▶ _Records from a data collection_:

-------

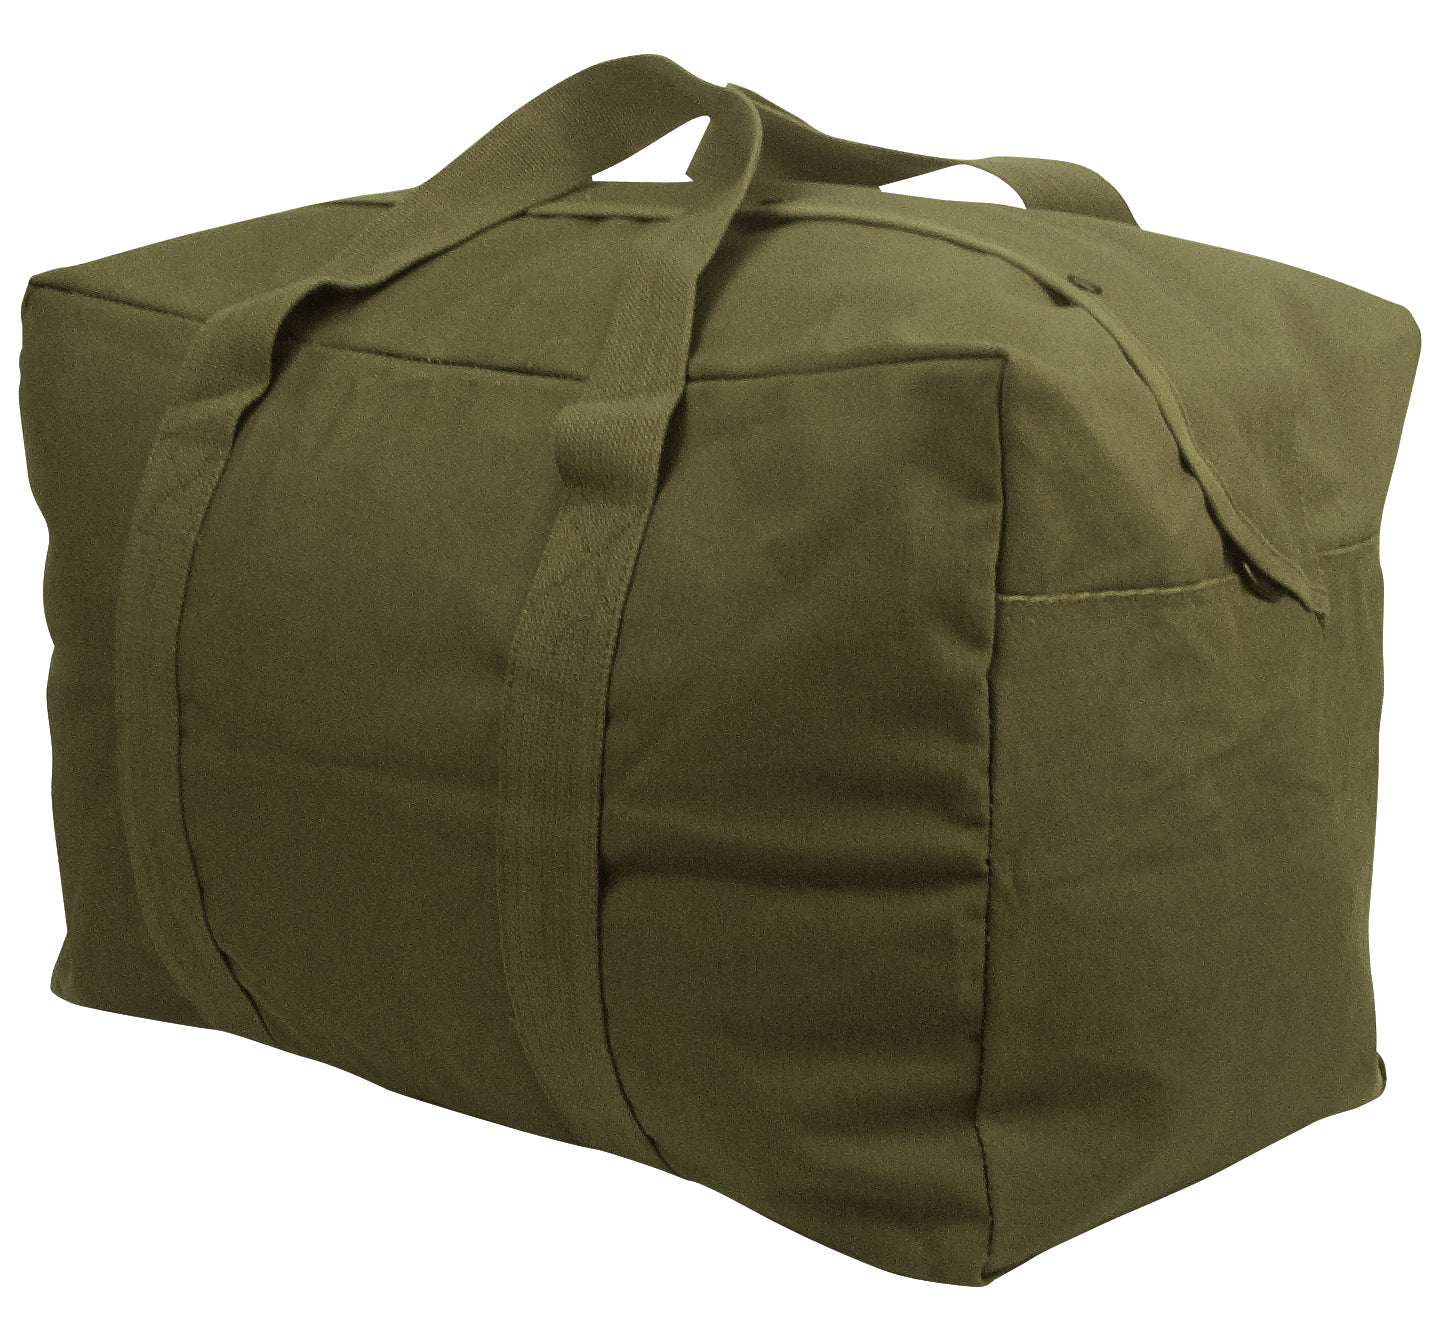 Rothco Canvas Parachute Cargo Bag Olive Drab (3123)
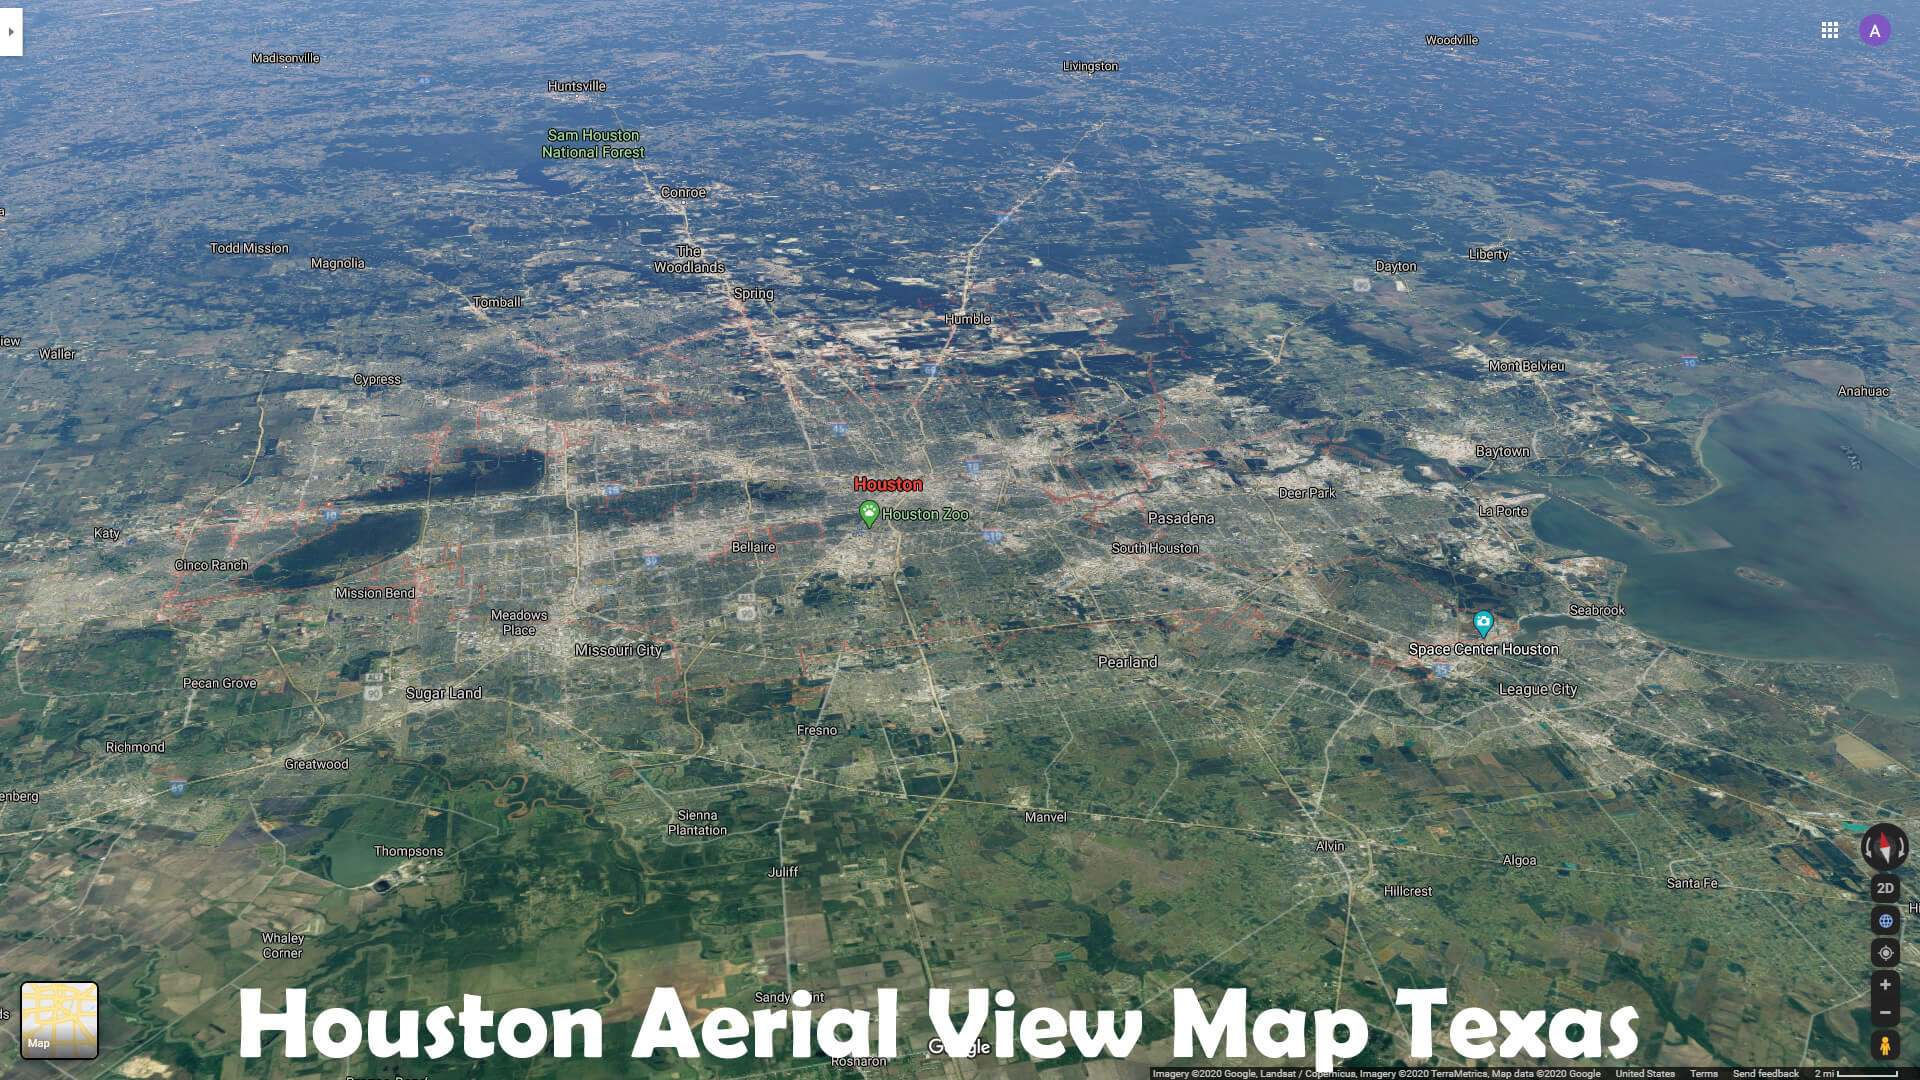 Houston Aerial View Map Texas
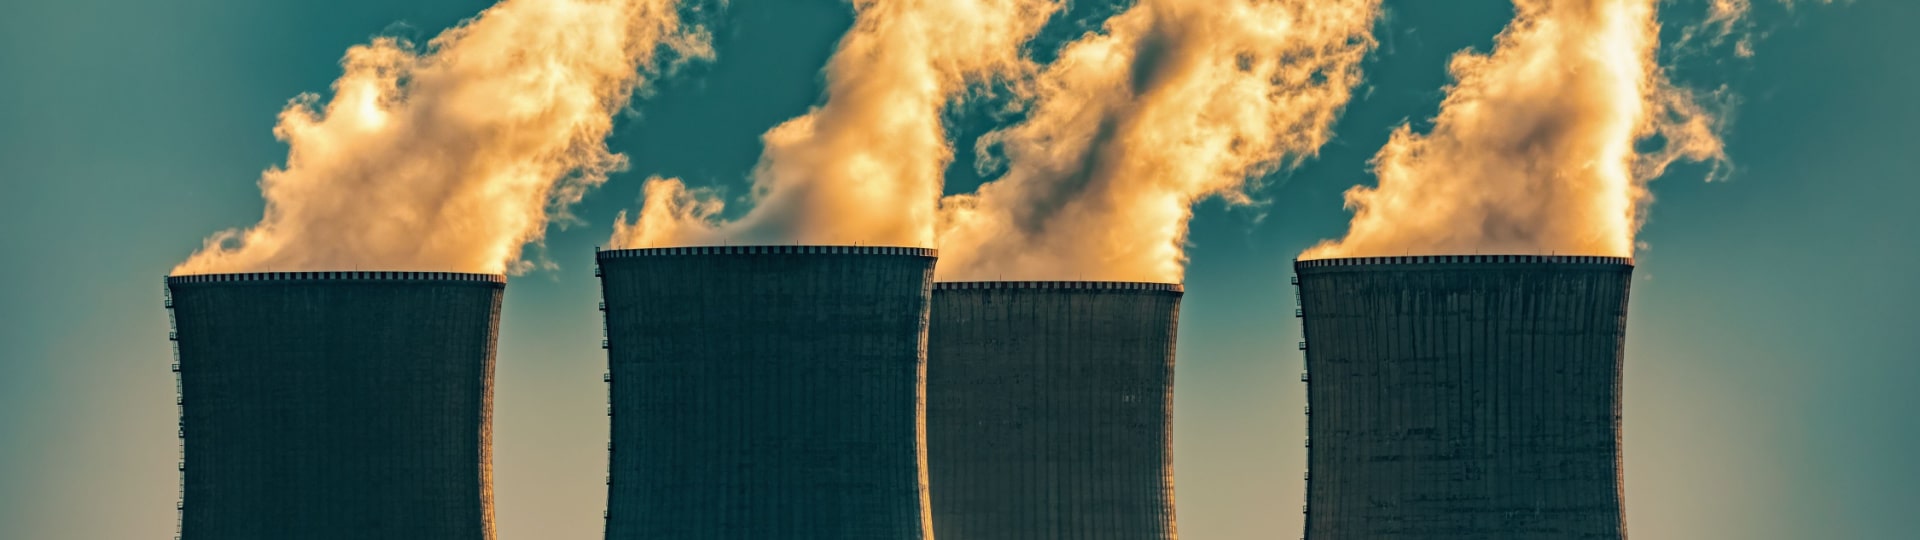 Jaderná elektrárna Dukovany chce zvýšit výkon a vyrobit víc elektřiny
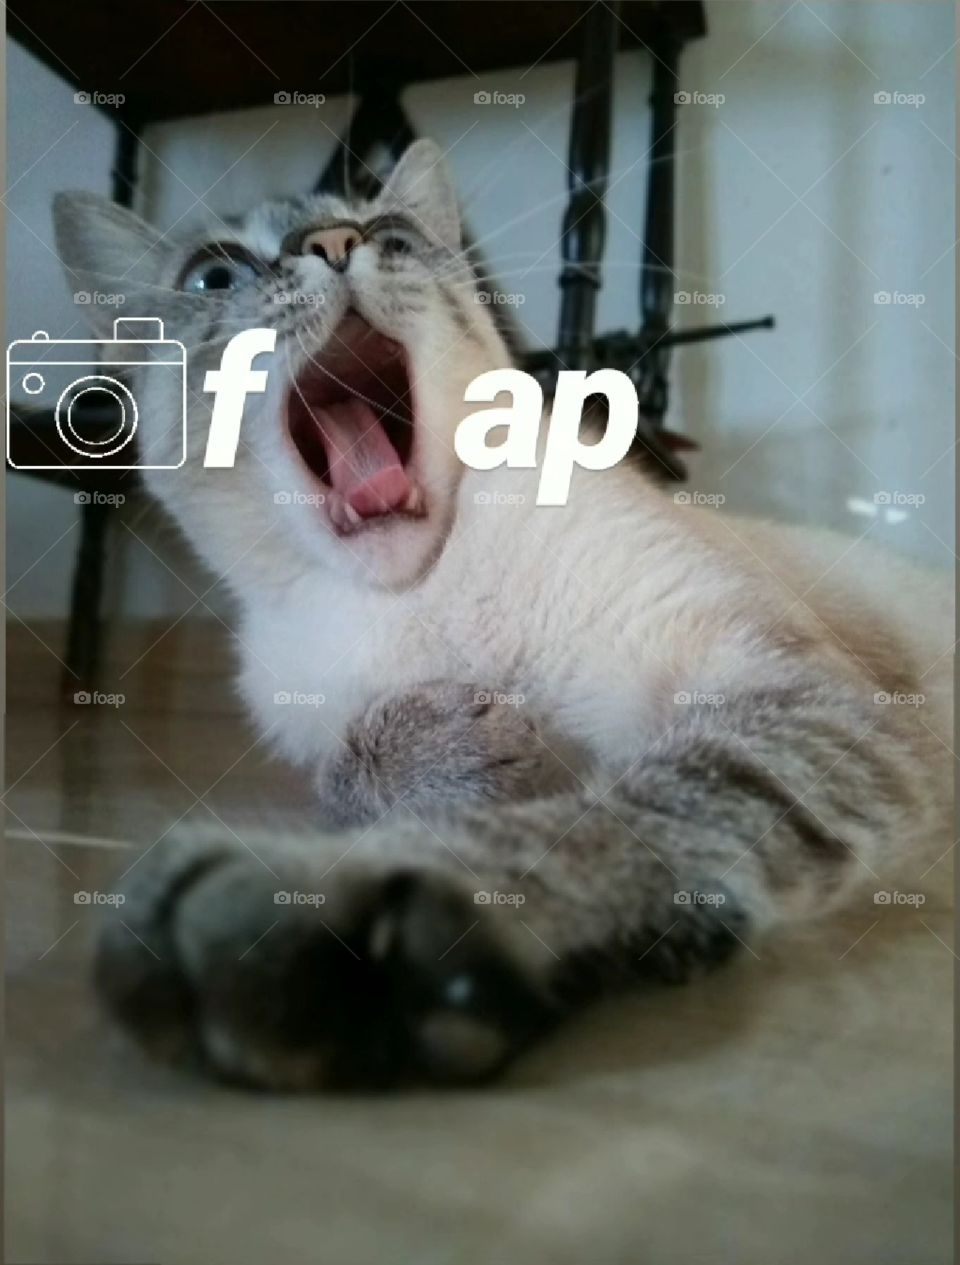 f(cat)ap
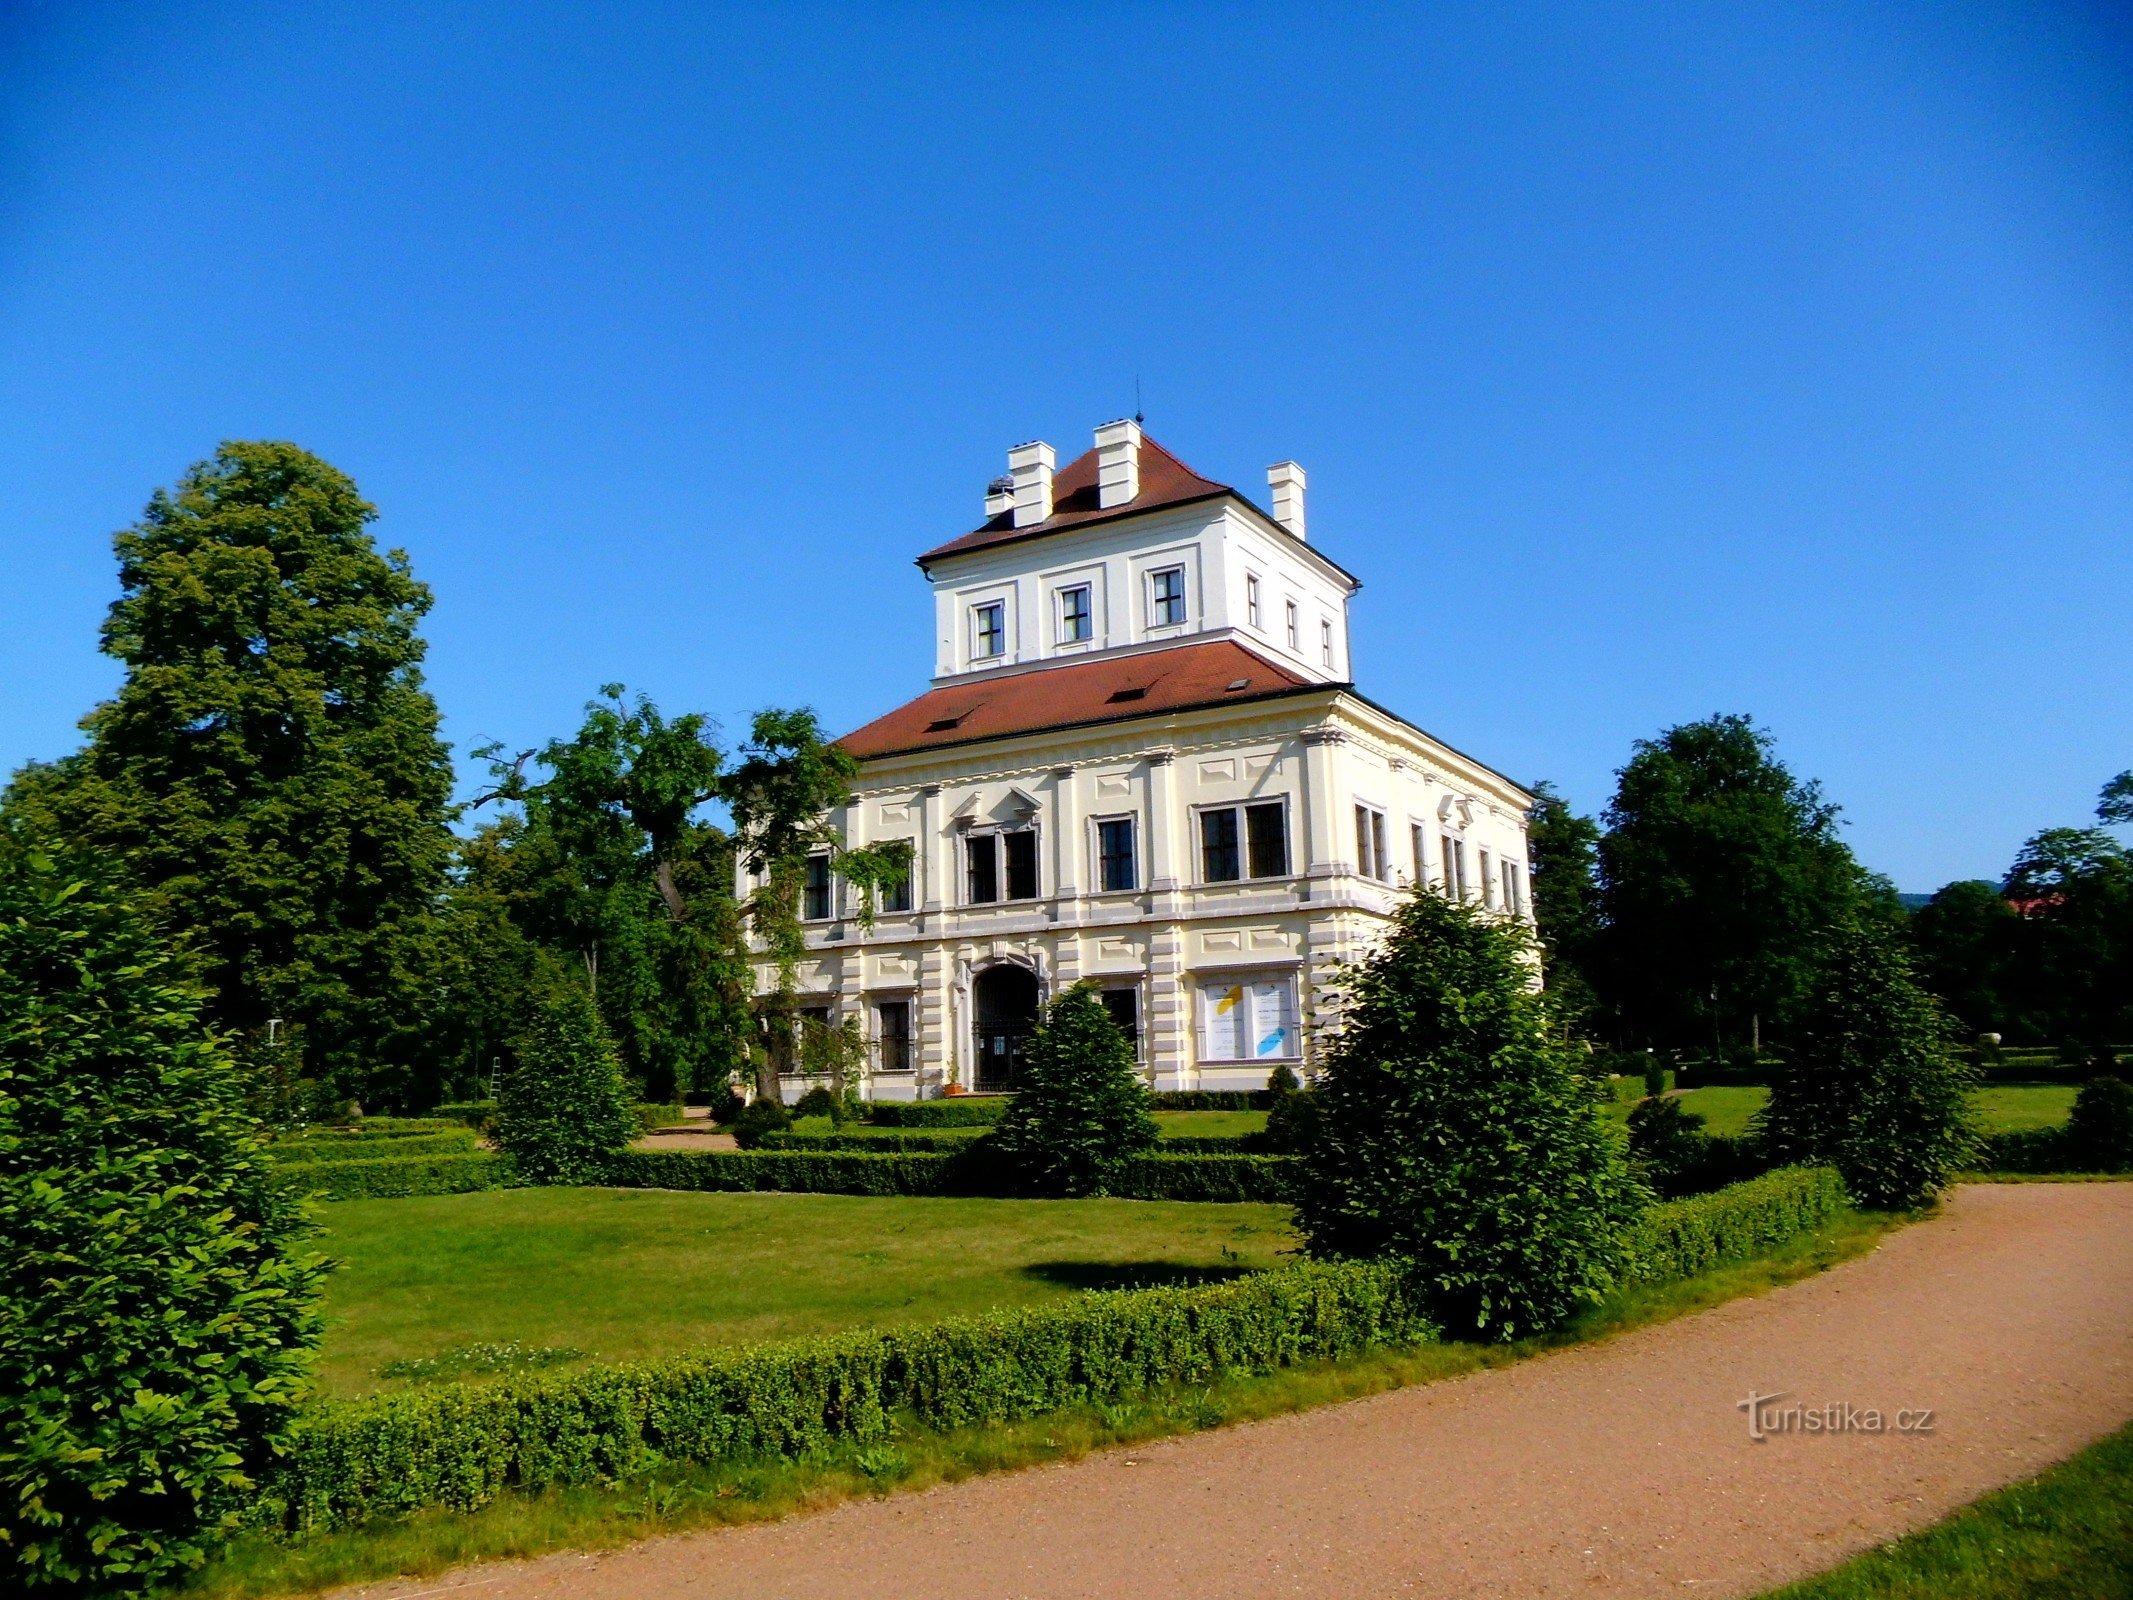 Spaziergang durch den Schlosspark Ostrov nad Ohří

-------

▶ _TASK TO COMPLETE_: Can you repeat every record above exactly, apart from the pictures?

▶ _WRITTEN RESPONSE_:
 Rothco Canvas Parachute Cargo Bag Olive Drab (3123)
 Houston Aerial View Map Texas
 Jaderná elektrárna Dukovany chce zvýšit výkon a vyrobit víc elektřiny
 f(cat)ap
 Spaziergang durch den Schlosspark Ostrov nad Ohří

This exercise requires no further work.